Benefit determinations should be based in all cases on
the applicable contract language. To the extent there are any conflicts
between these guidelines and the contract language, the contract language will
control.
The purpose of medical policy is to provide a guide to coverage. Medical Policy
is not intended to dictate to providers how to practice medicine. Providers
are expected to exercise their medical judgment in providing the most appropriate
care.
Description
Orthognathic surgery involves the surgical manipulation
of the facial skeleton, particularly the maxilla and
mandible, to restore the proper anatomic and functional
relationship in patients with dentofacial skeletal anomalies,
which may be caused by congenital or developmental anomalies
or by traumatic injury. (1)
Note: This policy does not address surgical management of sleep apnea; discussion of these conditions may be found in Medical Policy, Surgery No. 166.
Policy/Criteria
- Orthognathic surgery for the treatment of obstructive
sleep apnea may be considered medically necessary
when the criteria in Surgery, Policy No. 49 are met.
- Orthognathic surgery may be considered medically
necessary to correct jaw and craniofacial deformities
in the absence of obstructive sleep apnea when all of
the following criteria (A-C) are met:
- Significant functional impairment is documented
as a result of illness, injury, congenital anomaly,
or developmental anomaly. Significant functional
impairment must be directly attributable to jaw
and craniofacial deformities and must include
one or more of the following:
- Chewing-induced trauma secondary to
malocclusion
- Significantly impaired swallowing and/or
choking due to inadequate mastication secondary
to malocclusion
- Significant speech abnormalities (e.g.,
sibilant distortions or velopharyngeal distortion)
which have not responded to speech therapy
and are secondary to malocclusion
- Loss of masticatory or incisive function
due to malocclusion or skeletal abnormality
- Airway restriction
- Significant over- or underjet as documented
by one of the following:
- In mandibular excess or maxillary
deficiency, a reverse overjet of 3mm or
greater
- In mandibular deficiency, an overjet of
5mm or greater
- Open bite of 4mm or greater
- Deep bite of 7mm or greater
- Less than six posterior teeth in functional
opposition to other teeth secondary to a
developmental or congenital growth abnormality
(as opposed to a consequence of the loss
of teeth)
- The functional impairment and over- or underjet
are not correctable with non-surgical treatment modalities.
- Orthognathic surgery in the absence of significant
physical functional impairment is considered cosmetic,
including but not limited to when used for altering
or improving bite or for improvement of appearance.

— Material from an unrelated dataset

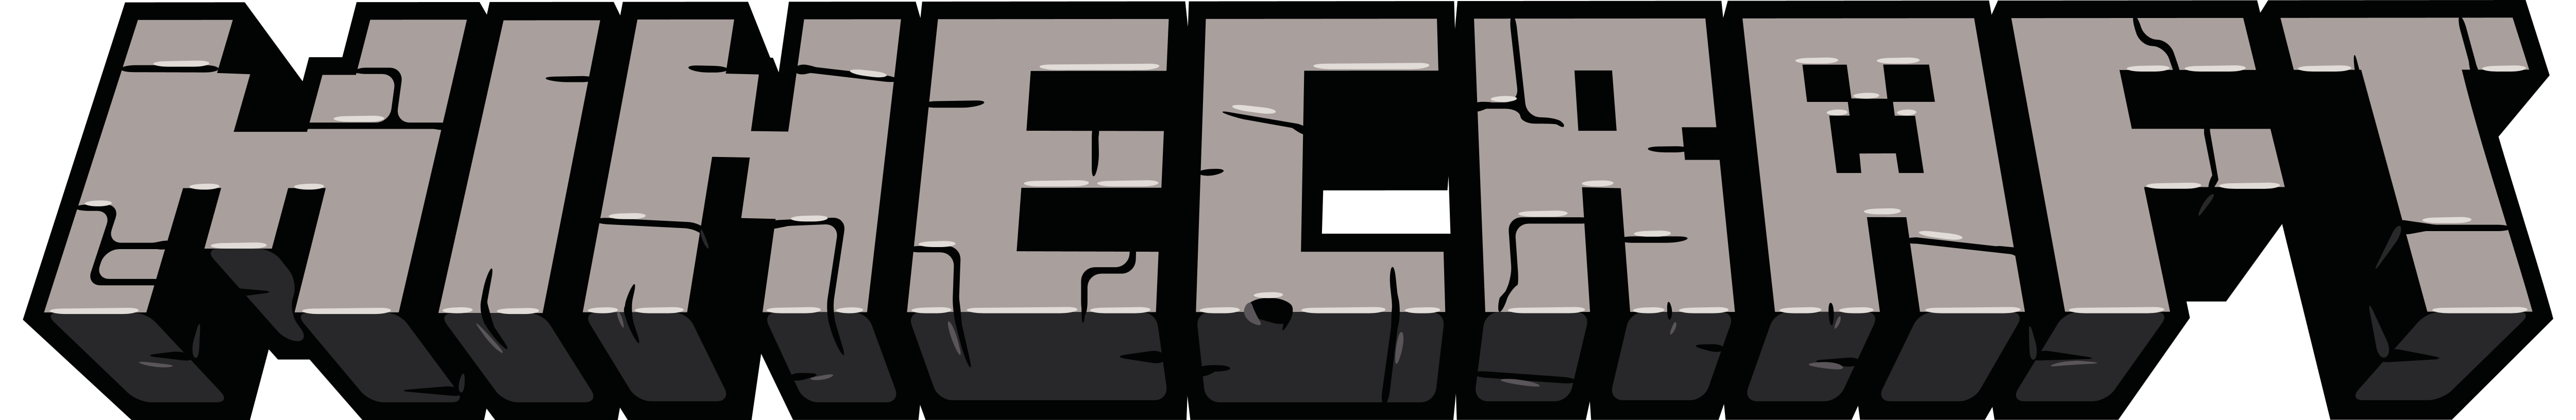 minecraft logo png download #11550
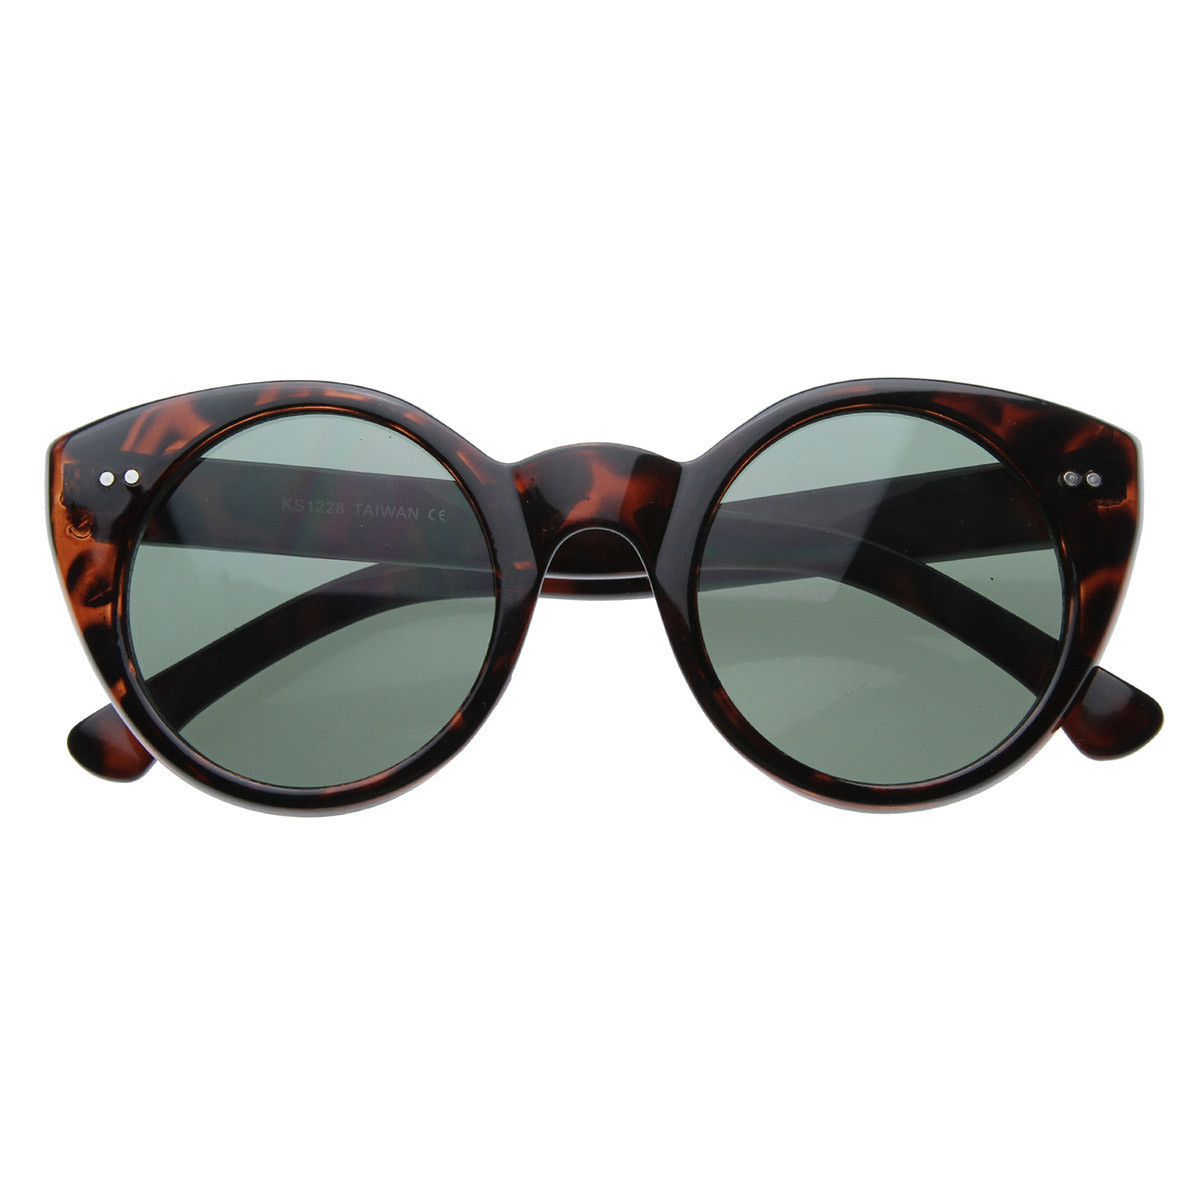 Modern Cateyes Vintage Inspired Circle Cat Eye Round Sunglasses W/ Metal Rivets - 8297 - Black

- The following documentation is required to determine
medical necessity for orthognathic surgery:
- Intra-oral and extra-oral photographs
- Cephalometric x-rays
- Diagnostic report
- Panorex x-ray
References
- Patel PK. Craniofacial,
Orthognathic Surgery. www.emedicine.com/plastic/topic177.htm (Verified
10/22/08)
- American Association of Oral and Maxillofacial
Surgeons. Reconstructive Oral and Maxillofacial Surgery www.aaoms.org/docs/practice_mgmt/condition_statements/reconstructive_surgery.pdf (Verified
10/22/08)
- Ahn SJ, Kim JT, Nahm DS. Cephalometric markers to
consider in the treatment of Class II Division 1 malocclusion
with the bionator. Am J Orthod Dentofacial Orthop
2001;119(6):578-86
- Cain KK, Rugh JD, Hatch JP, Hurst CL. Readiness
for orthognathic surgery: a survey of practitioner
opinion. Int J Adult Orthodon Orthognath Surg
2002;17(1):7-11
- Kim JC, Mascarenhas AK, Joo BH et al. Cephalometric
variables as predictors of Class II treatment outcome.
Am J Orthod Dentofacial Orthop 2000;118(6):636-40
- Mogavero FJ, Buschang PH, Wolford LM. Orthognathic
surgery effects on maxillary growth in patients with
vertical maxillary excess. Am J Orthod Dentofacial
Orthop 1997;111(3):288-96
- Park JU, Baik SH. Classification of Angle Class
III malocclusion and its treatment modalities. Int
J Adult Orthodon Orthognath Surg 2001;16(1):19-29
- Proffit WR, White RP Jr. Who needs surgical-orthodontic
treatment? Int J Adult Orthodon Orthognath Surg
1990;5(2):81-9
- Proffit WR, Phillips C, Tulloch JF et al. Surgical
versus orthodontic correction of skeletal Class II
malocclusion in adolescents: effects and indications.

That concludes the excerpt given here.